Source data:
☆ ☆ ☆ ☆ ☆
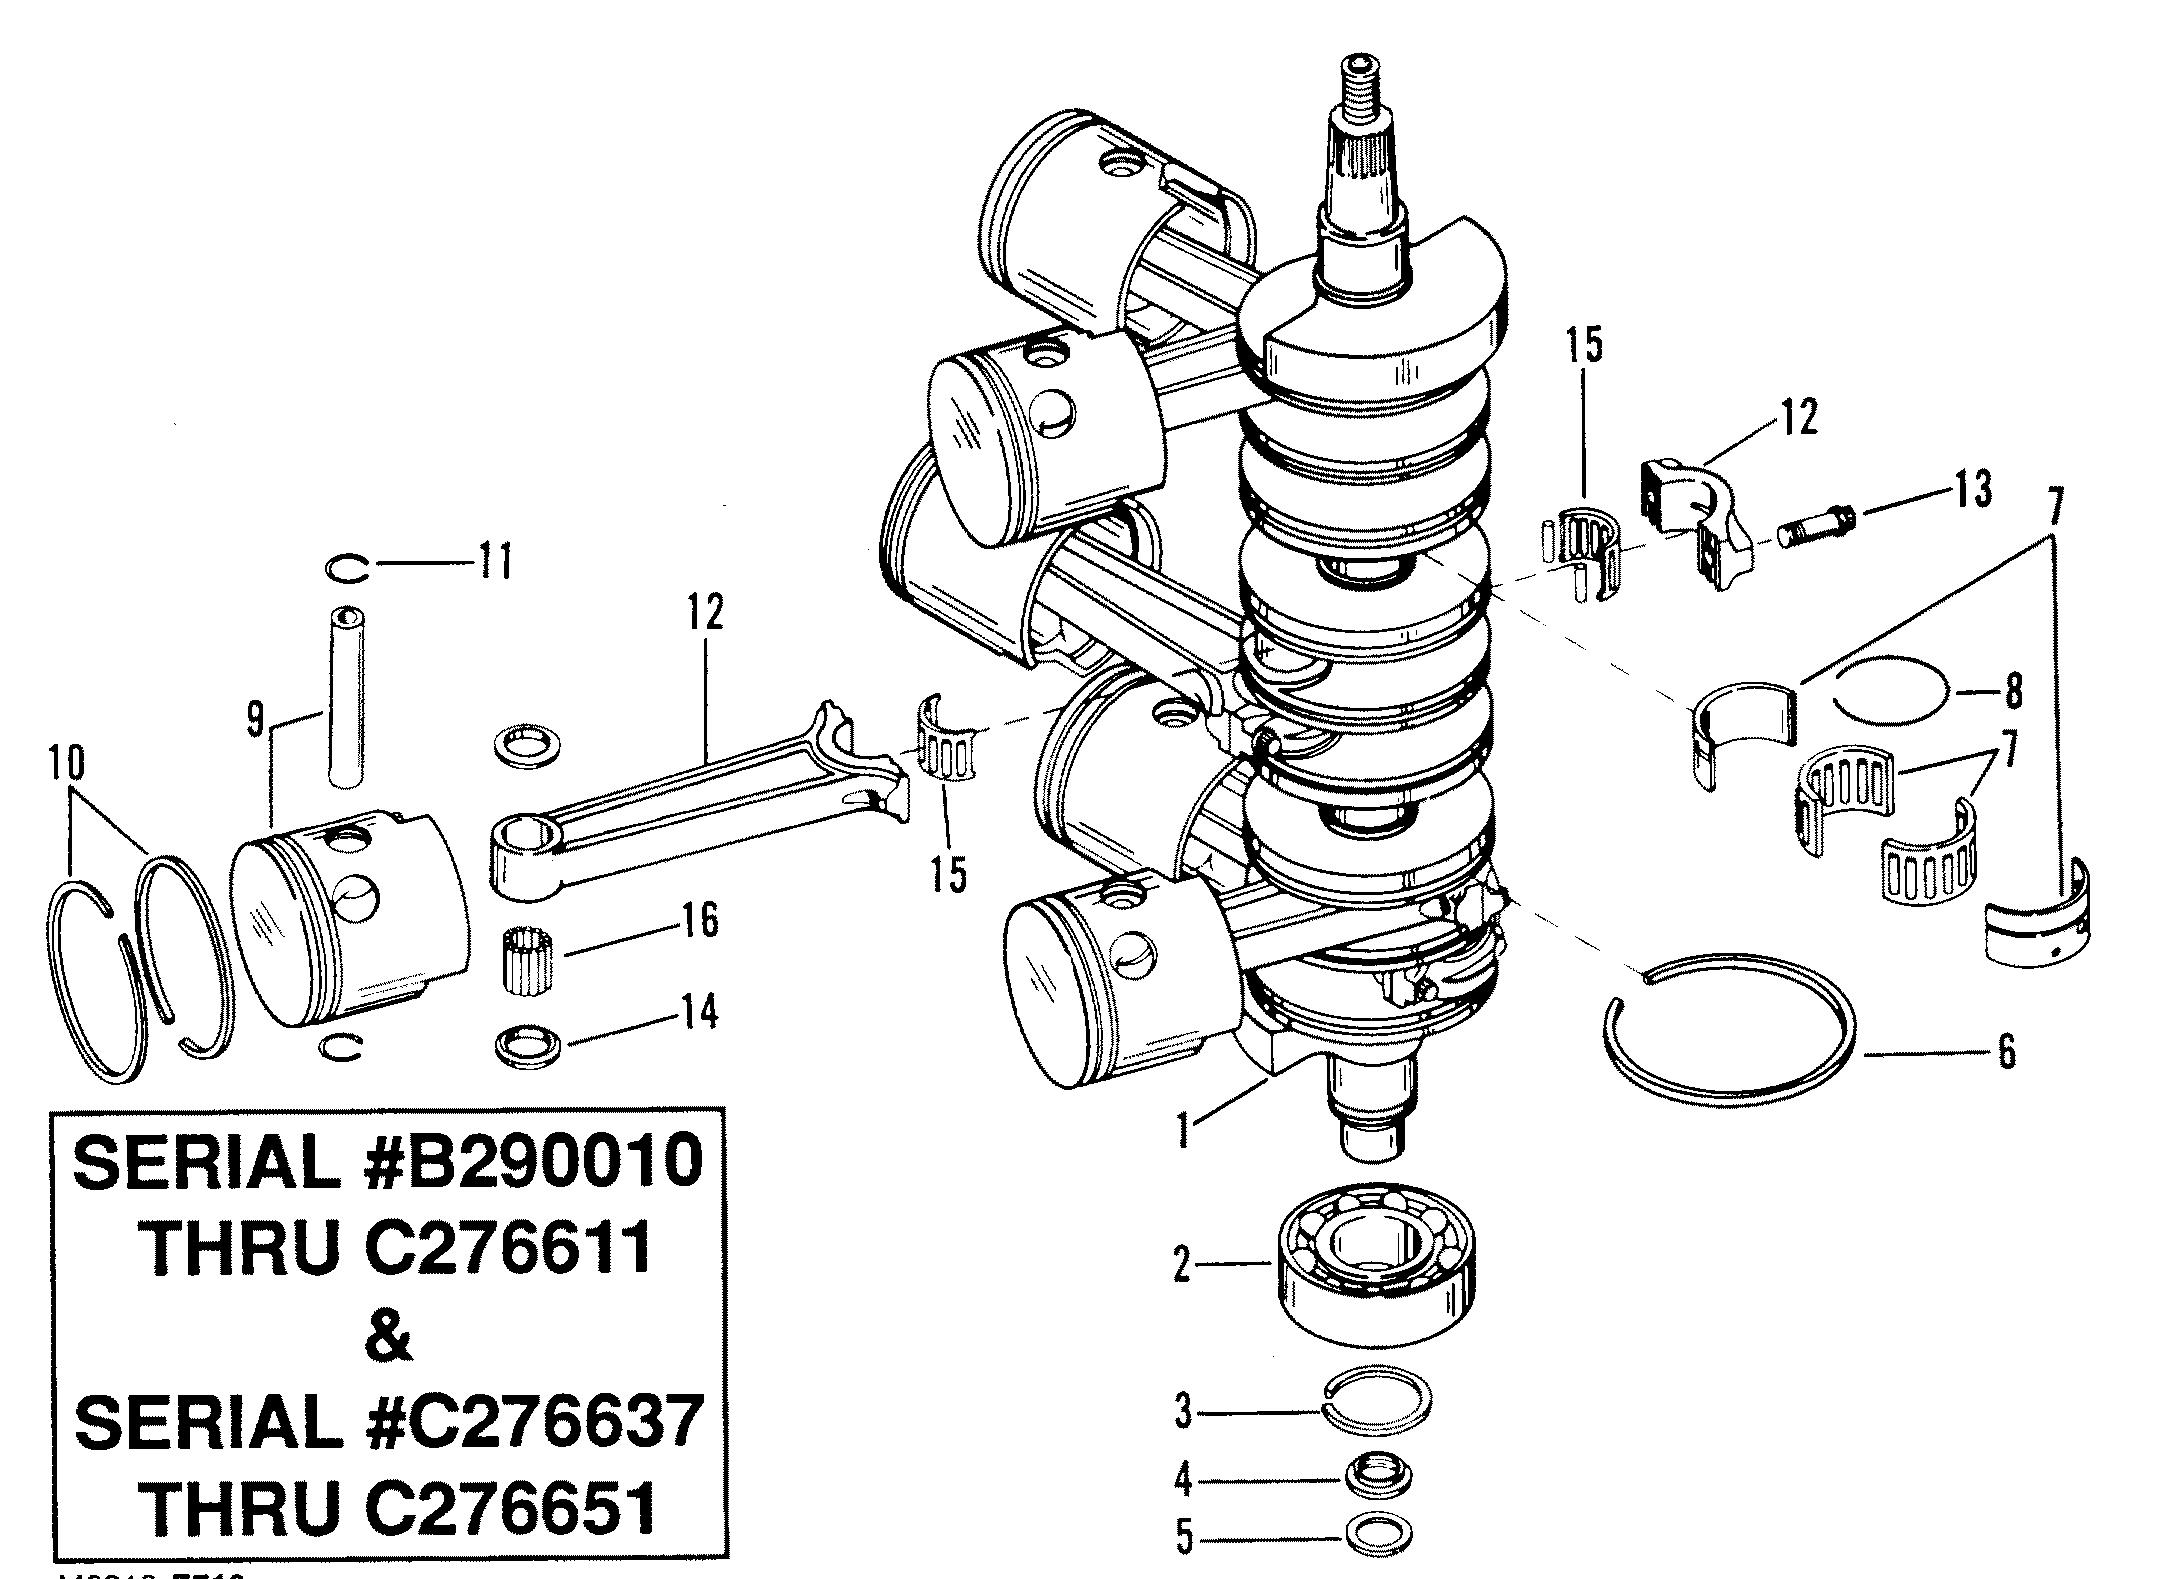 Каталог запчастей race outboard merc mar 2 4l (efi) 0b290010 thrucrankshaft, pistons and connecting rods
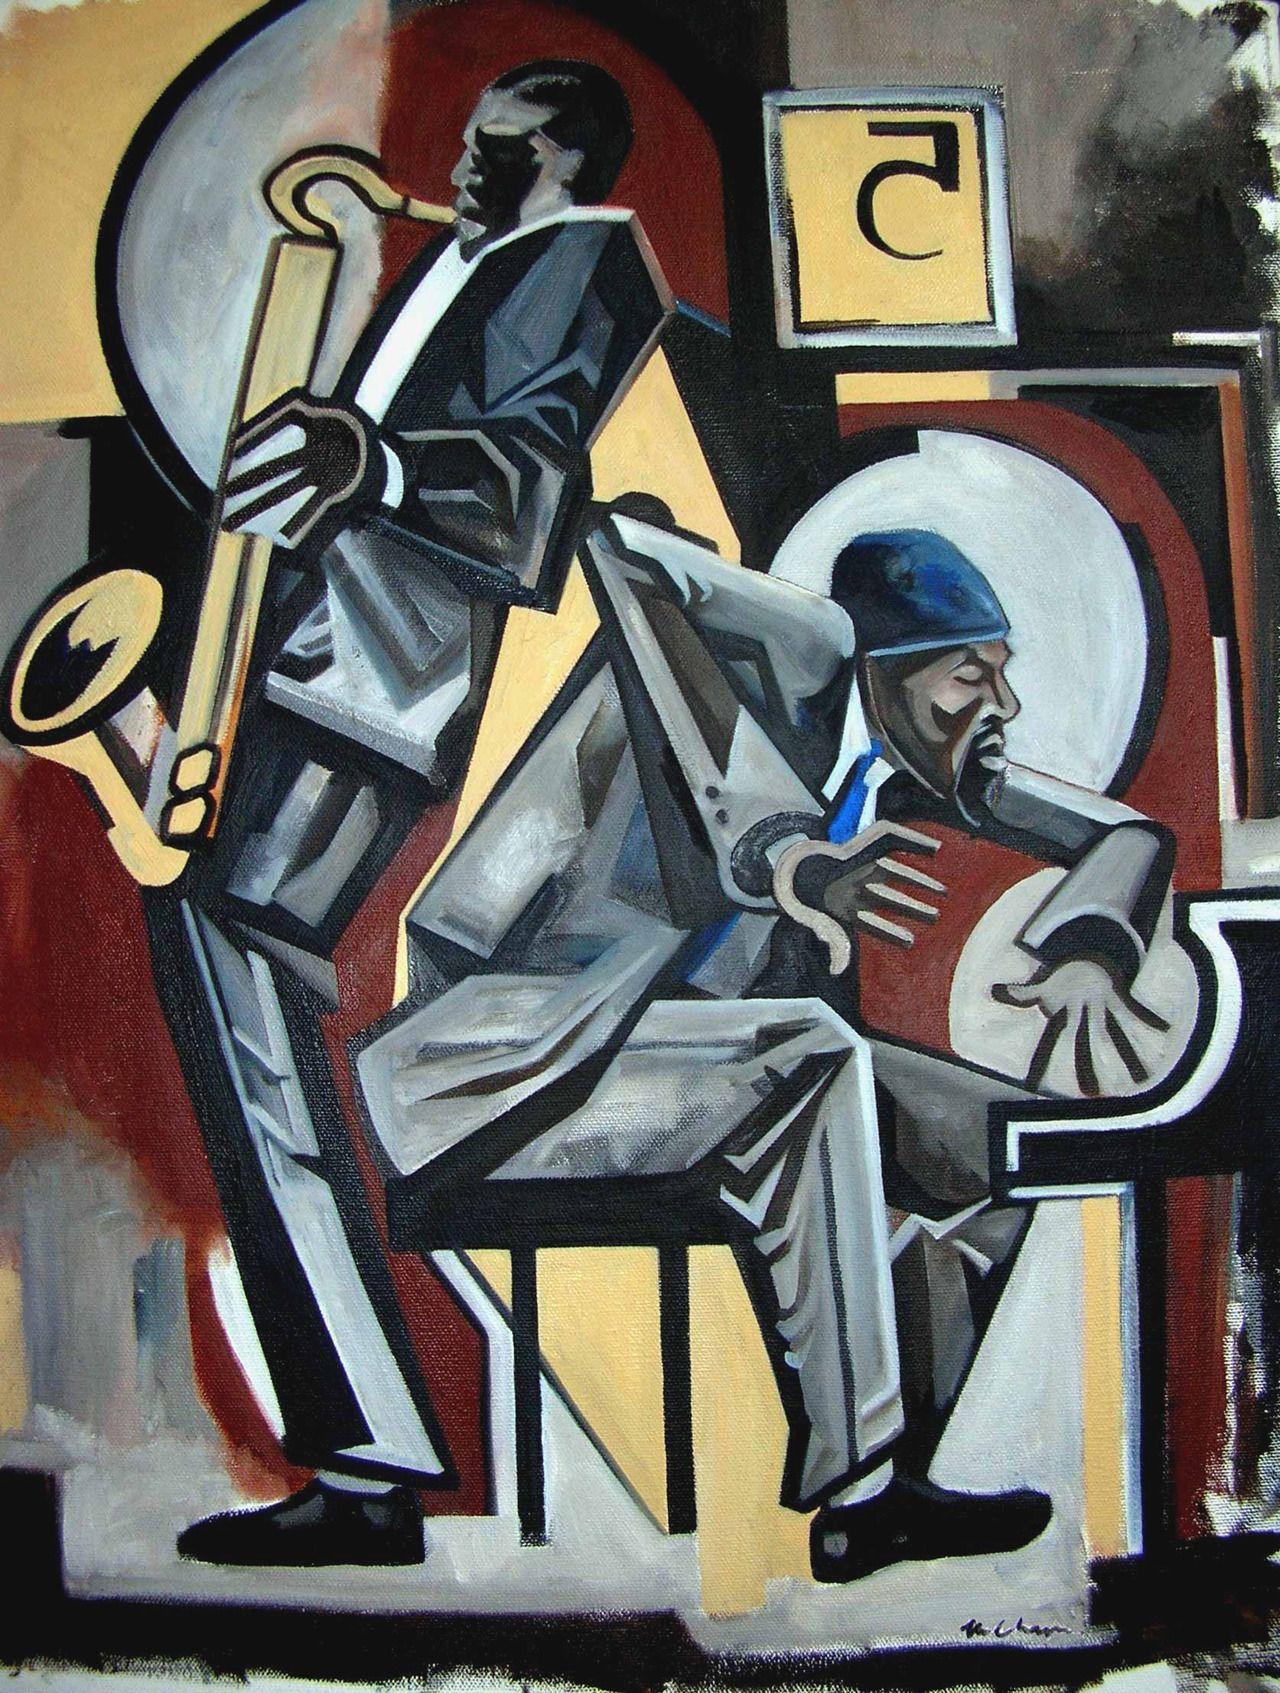 Martel Chapman Monk and Coltrane, Five Spot, 1957 New
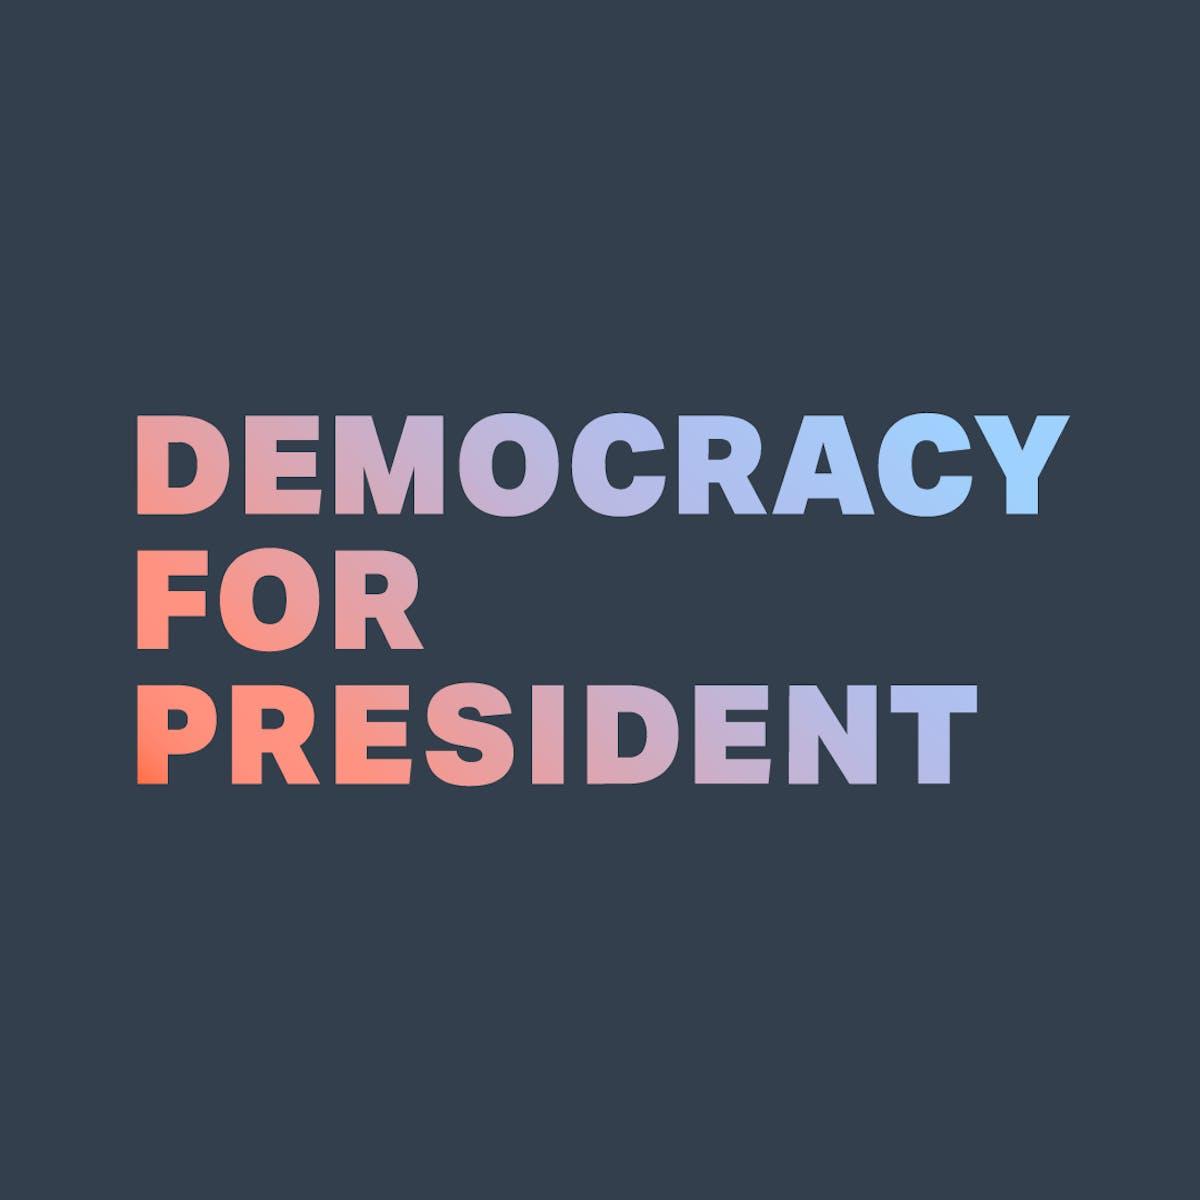 Democracy for President
☆ ☆ ☆ ☆ ☆
Problem to work on: Return all the material exactly, skipping pictures.

Answer area:
 Каталог запчастей race outboard merc mar 2 4l (efi) 0b290010 thrucrankshaft, pistons and connecting rods
 Martel Chapman Monk and Coltrane, Five Spot, 1957 New
 Democracy for President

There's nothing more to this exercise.